Jill Miller's The Roll Model: A Step-by-Step Guide to Erase Pain, Improve Mobility, and Live Better in Your Body addresses similar things as the Bowman book but from a highly practical standpoint. There is a lot of theory and anatomy explained, but the core of the text are hundreds of pages of beautifully illustrated exercises. Miller recommends rolling on somewhat-soft balls to release the fascia (basically, the connective tissue in the skin and muscles) throughout the body. If you haven't done something like this before, the first time is really instructive. As someone who spent a good part of the past decade sitting behind a computer or book, writing or researching, I can testify to the toll this has taken on my body. This book is a really excellent first step in moving away from that tension, dysfunction and inflexibility.
My movement journey wouldn't have been possible without an initial boost from the kind people of Gold Medal Bodies. They're all genuinely nice people and they have provided useful guidance and support in this project of reconnecting with my body that I mentioned earlier. I'd particularly like to thank Verity Bradford for the help she's been giving me over the past couple of months while I've been working on my free-standing handstand.

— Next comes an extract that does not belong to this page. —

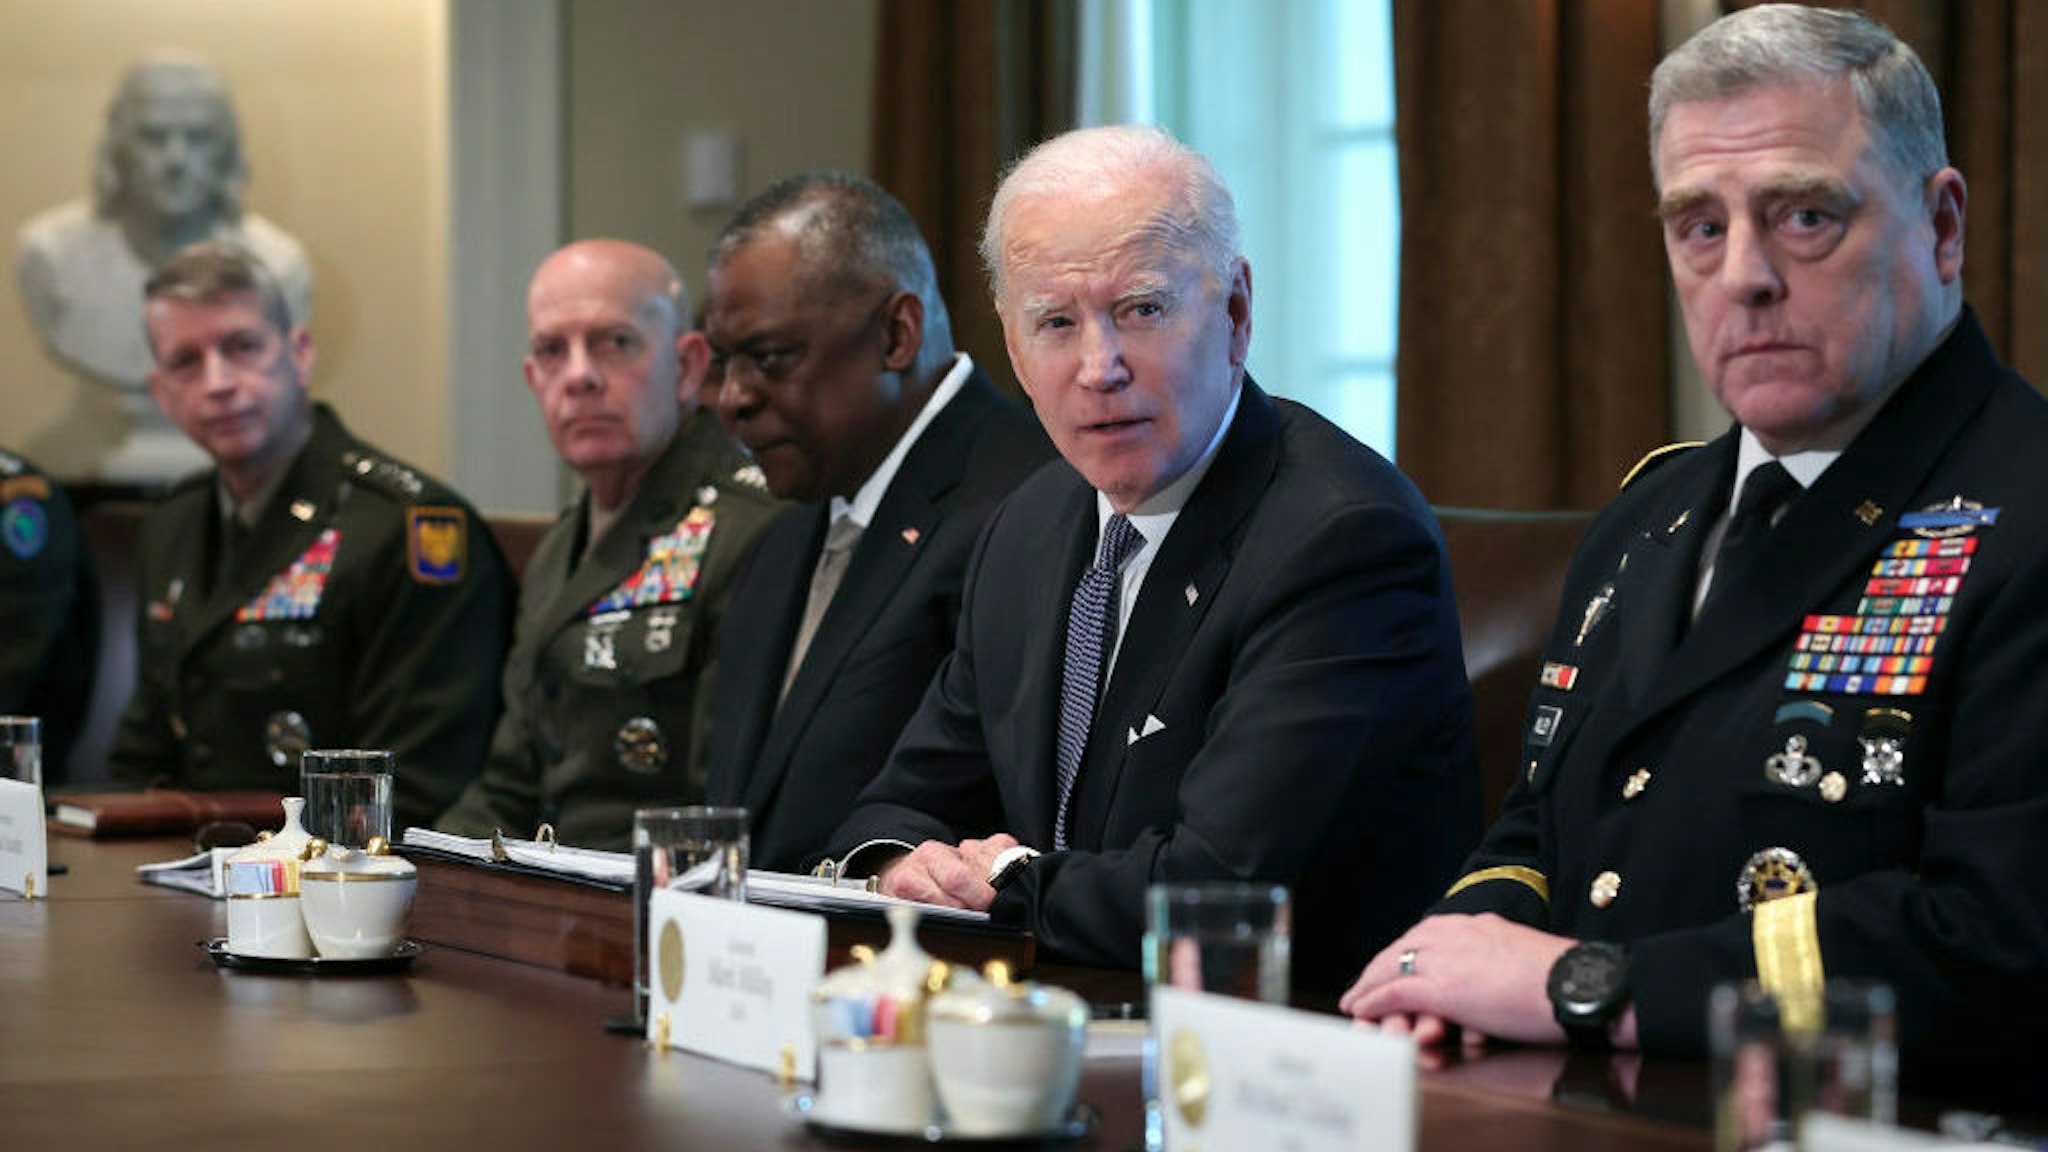 WASHINGTON, DC - APRIL 20: U.S. President Joe Biden meets with Secretary of Defense Lloyd Austin (3rd L), Chairman of the Joint Chiefs of Staff Gen. Mark Milley (R), members of the Joint Chiefs of Staff, and combatant commanders in the Cabinet Room of the White House April 20, 2022 in Washington, DC. Biden discussed the current situation in Ukraine with military leaders during the meeting. (Photo by Win McNamee/Getty Images)

Finally, a few words about death and time. The past year has been full of confrontations with the passing of time and the inevitability of death. These confrontations have taken various shapes and forms and have been closer to home as well as further afield. This is always a useful reminder, I feel. I reread Seneca's essay On the Shortness of Life this year and that helped drive the message home. But it's easy to forget. To help with that, I'm really glad to have been using a MyTikker watch for the second half of the year. It's a little bit like that chart of a human life in weeks that did the rounds earlier this year. On the watch, one row of digits shows the current time, and the other two show a countdown (based on statistical estimates calculated using a questionnaire) of the time you have left in your life. Of course, things can always happen out of the blue. You can't do much to prevent that. But to push back against the passing of time, death works to jog the mind. So now, every time I look down to check the time, I'm reminded that time is passing, that our days are short.